OMAHA – Amber Makovicka just wrapped up her first year at UNO and she already has her next three summers accounted for, plus a few years of work guaranteed after that.
The Information Assurance student will be busy, but she won’t have to worry about paying for college.
The Department of Defense is picking up the tab.
A Teacher’s Encouragement
Makovicka has always been interested in computers, but when she was younger she never thought she’d pursue a career in the field.
“I always thought, ‘Oh, I’m not good enough for that,’” she said.
That all changed when she started classes at Columbus High School.
An electronics teacher recognized Makovicka’s interest, and pushed her with extra projects that the rest of the class didn’t have to do.
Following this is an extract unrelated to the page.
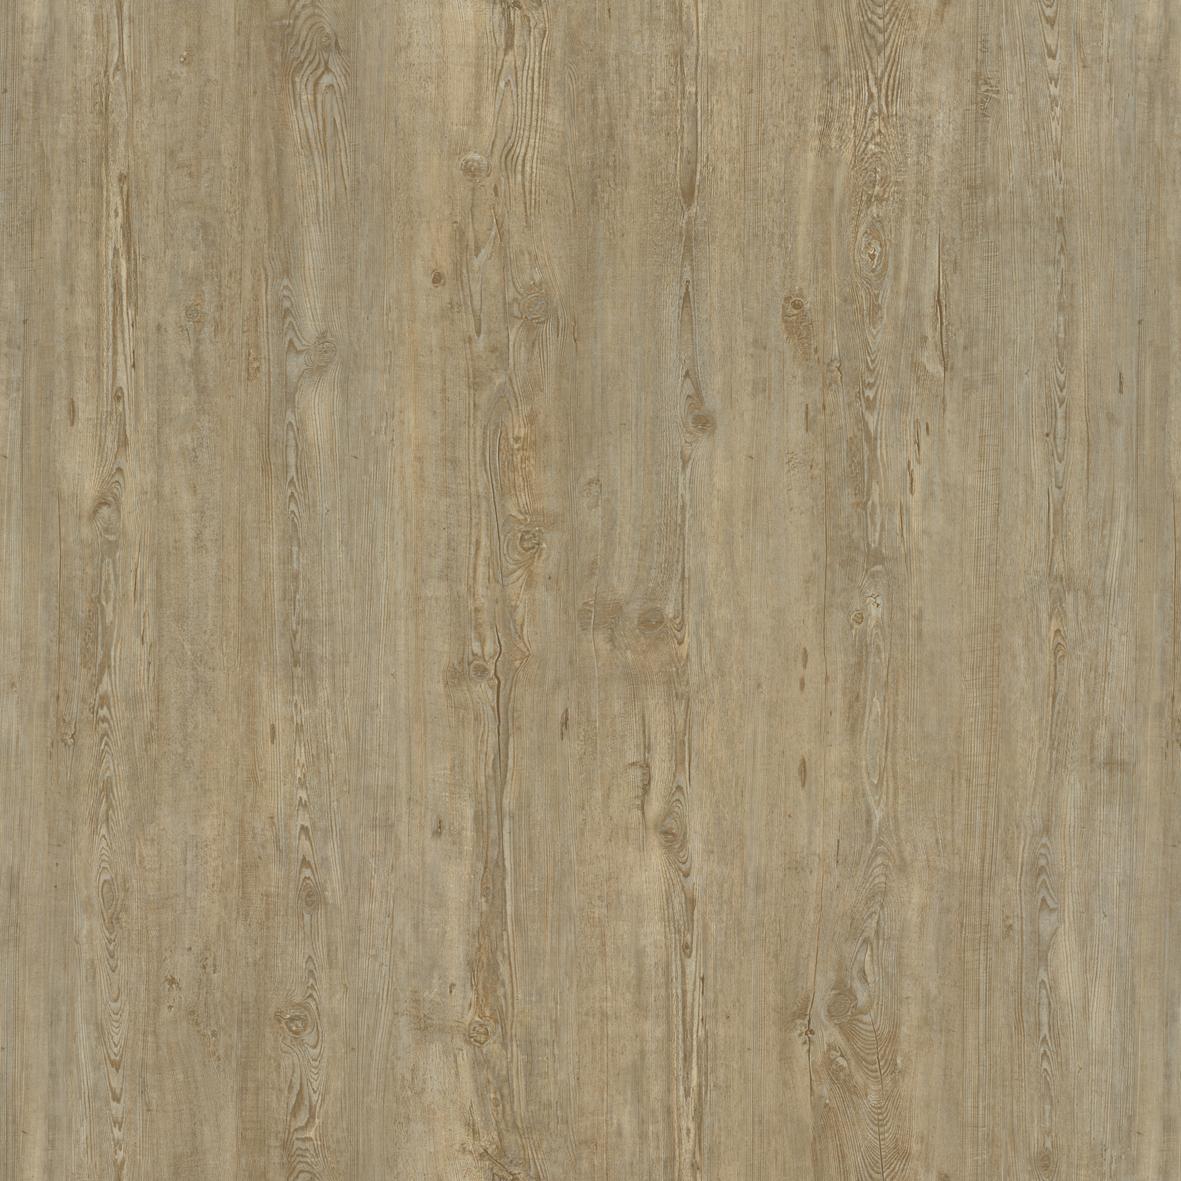 winterfichte amorim vinyl fertigparkett mit hdf tr ger. Black Bedroom Furniture Sets. Home Design Ideas

“It was very uplifting and it very much encouraged me to pursue it,” she said.
She took that experience with her to a community college, where she was the only female student in her IT classes.
“I never felt ostracized,” Makovicka said. “I never felt like it was discouraging. I felt mainly encouraged.”
Searching for Scholarships
After earning her associate’s degree, Makovicka decided to continue her education at UNO.
But fall semester was still a few months away.
Her technology skills helped her land a summer internship at Nebraska Public Power District’s corporate headquarters in Columbus.
“I had a lot of free time, mainly because they didn’t always have projects for me,” Makovicka said.
That’s something she took advantage of, using downtime to apply for scholarships.
The Department of Defense’s SMART Scholarship caught her eye. (SMART stands for Science, Mathematics and Research for Transformation.)
The scholarship covers all of a student’s tuition and education-related fees, and offers a $25,000 annual stipend as well as a separate health insurance allowance.
The student interns at a sponsoring facility for 10 – 12 weeks each summer during their college career, and then works for the Department of Defense as a civilian worker for as many years as they benefited from the scholarship.
It would be months until she heard back.
Makovicka started at UNO in August of 2015.
She wasn’t the only female student in her IT classes anymore. She was, however, in need of a major.
“I knew I wanted to go into IT, but I wasn’t sure which degree offered here would be the best fit for me,” she said. “After asking advice from other students and faculty, everyone said Information Assurance would be a good one.”
She also wanted to work on campus.
Information Services liked her resume, including the associate’s degree and an A+ CompTIA certification, a credential that certifies the skills necessary to support complex IT infrastructures.
Makovicka says she came to UNO for opportunity, and that’s what she got. She’s enjoyed her work study position with Information Services and she’s also established good relationships with professors.
In late February, another opportunity would pop up in her inbox.
The Interview and the Offer
The email told Makovicka she had made it to the next step of eligibility for the SMART Scholarship, something she’d almost forgotten about.
The email went on, telling her a sponsoring facility would be contacting her.
A few weeks later, the Portland District of the U.S. Army Corps of Engineers reached out to set up a video chat.
As if nerves weren’t enough, Makovicka ran into technical difficulties getting a video connection. They had to settle for a phone conversation.
“I thought I didn’t do that well because of being late from the video problems, and some things I thought I didn’t answer to the best of my abilities, but I guess I said the right things,” she said.
There was no contact for a few weeks until another email appeared in her inbox. She had been selected.
“It was very shocking at the time.”
A Maverick on the Move
Makovicka spoke with her parents and her long-term boyfriend. They agreed, it was a big commitment and a big opportunity – too big to pass up.
This July, Makovicka will travel to Portland for a two-day visit, and then start interning at the facility the following summer.
After her expected graduation in May 2020, she’ll be moving to Portland.
She’s nervous. She’s excited.
And she sums it up best: “It’s a very huge move.”